Rituximab modifies the cisplatin-mitochondrial signaling pathway, resulting in apoptosis in cisplatin-resistant non-Hodgkin's lymphoma.

PURPOSE: Rituximab (chimeric anti-CD20) can reverse the cisplatin-resistant phenotype of AIDS-related non-Hodgkin's lymphoma cell lines and results in cisplatin-mediated apoptosis. The mechanism by which apoptosis is achieved by the combination treatment was examined. EXPERIMENTAL
DESIGN: The AIDS-related lymphoma (ARL) cell line 2F7 was treated with rituximab, cisplatin, and a combination of the two and analyzed by Western blot analyses for signaling proteins involved in the death receptor-mediated and mitochondrial pathways.

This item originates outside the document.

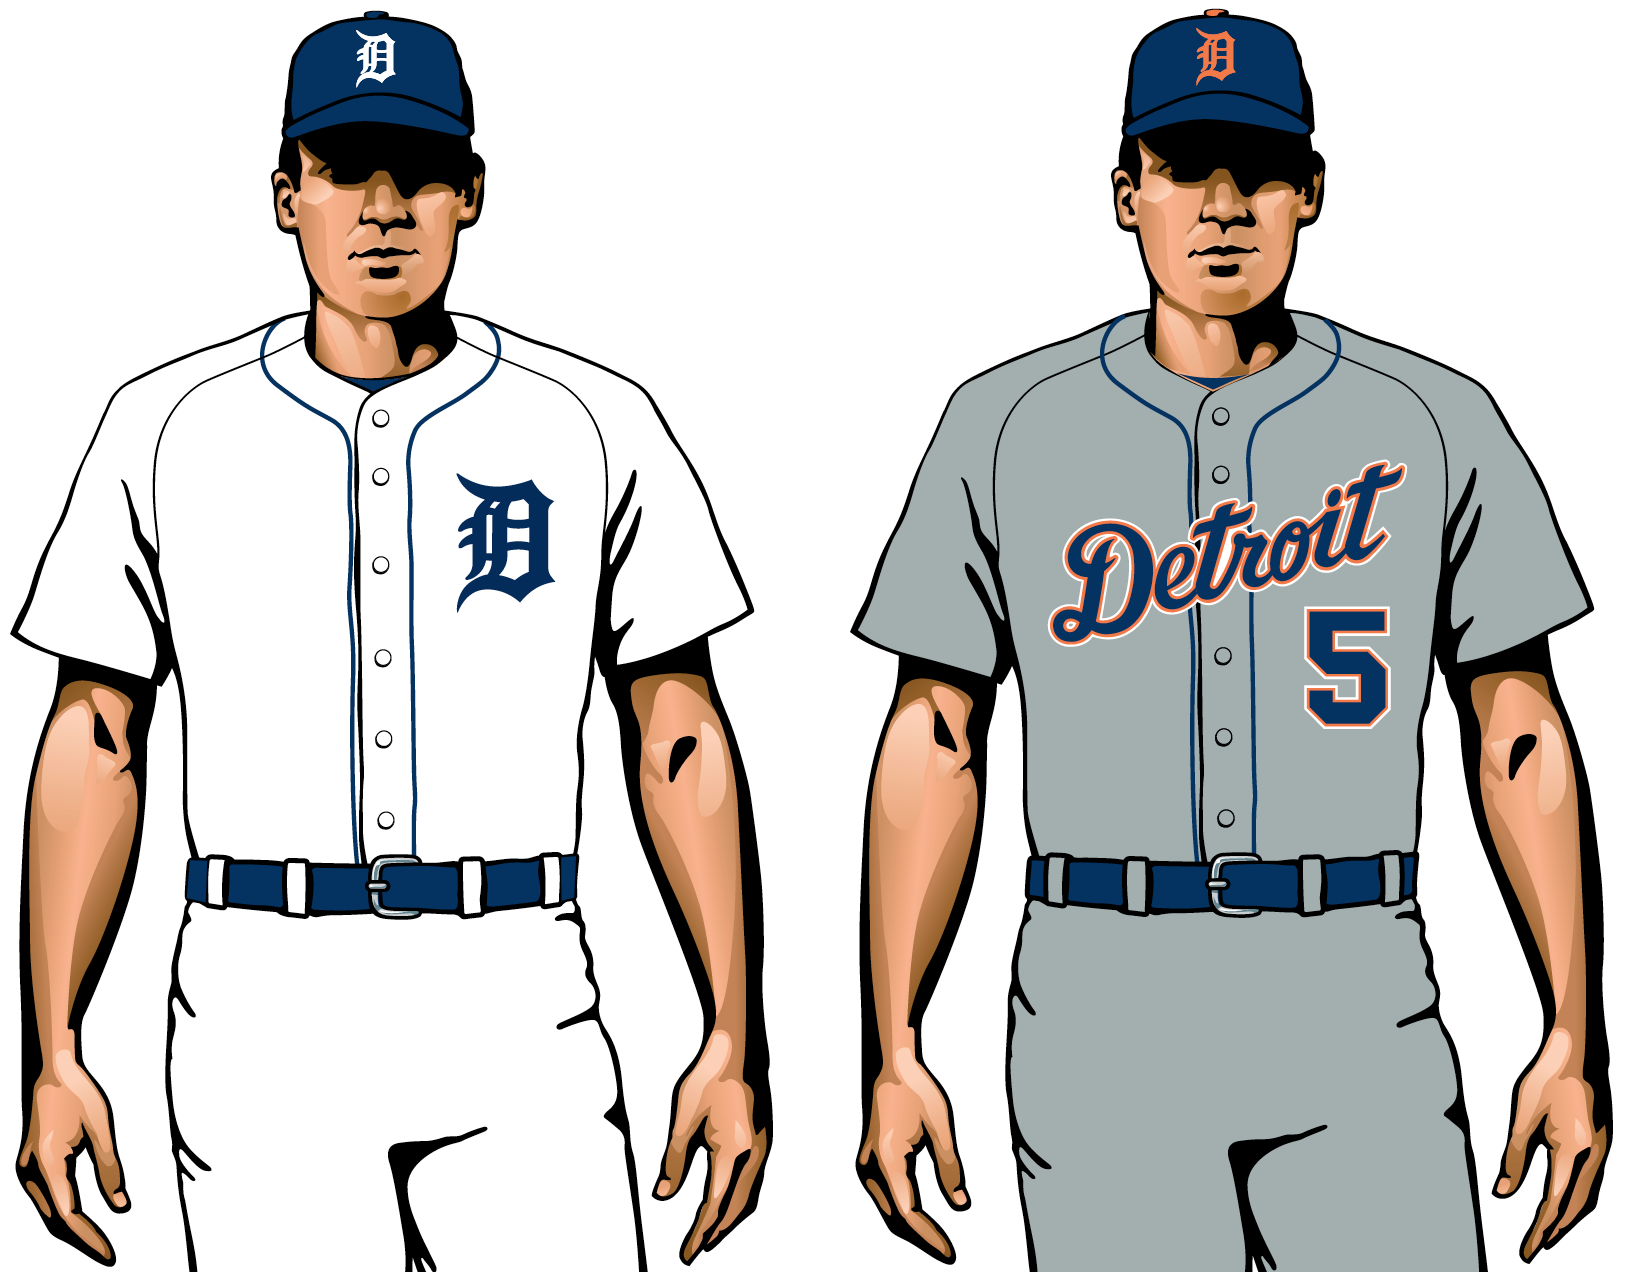 detroit tigers new uniforms

RESULTS: Rituximab selectively inhibited the expression of Bcl-2 in the ARL cells. However, other proteins analyzed [namely, Apaf-1, Bax, Bid, caspase-3, caspase-8, caspase-9, X-linked inhibitor of apoptosis protein (XIAP), cellular inhibitor of apoptosis protein (cIAP)-1, cIAP-2, cytochrome c, Fas, Fas ligand, FLIP, p53, and poly(ADP-ribose) polymerase] were not affected by either rituximab or cisplatin. Treatment with cisplatin induced the generation of mitochondrial reactive oxygen species, specifically intracellular peroxides. Furthermore, cisplatin alone was unable to induce the mitochondrial apoptotic events; however, the rituximab-cisplatin combination was able to synergistically induce significant apoptosis and mitochondria-mediated apoptotic events [mitochondrial membrane depolarization (DeltaPsi(m)), cytochrome c release from mitochondria, and caspase-3 and -9 activation]. The combination treatment facilitated the down-regulation of Bcl-2 by rituximab at an early time point. Decreased expression of additional proteins (Apaf-1, cIAP-1, cIAP-2, and XIAP) paralleled apoptosis detected at 24 h.
CONCLUSIONS: These findings show that the selective down-regulation of Bcl-2 by rituximab leading to apoptosis in ARL cells by cisplatin is through the mitochondria-dependent caspase pathway.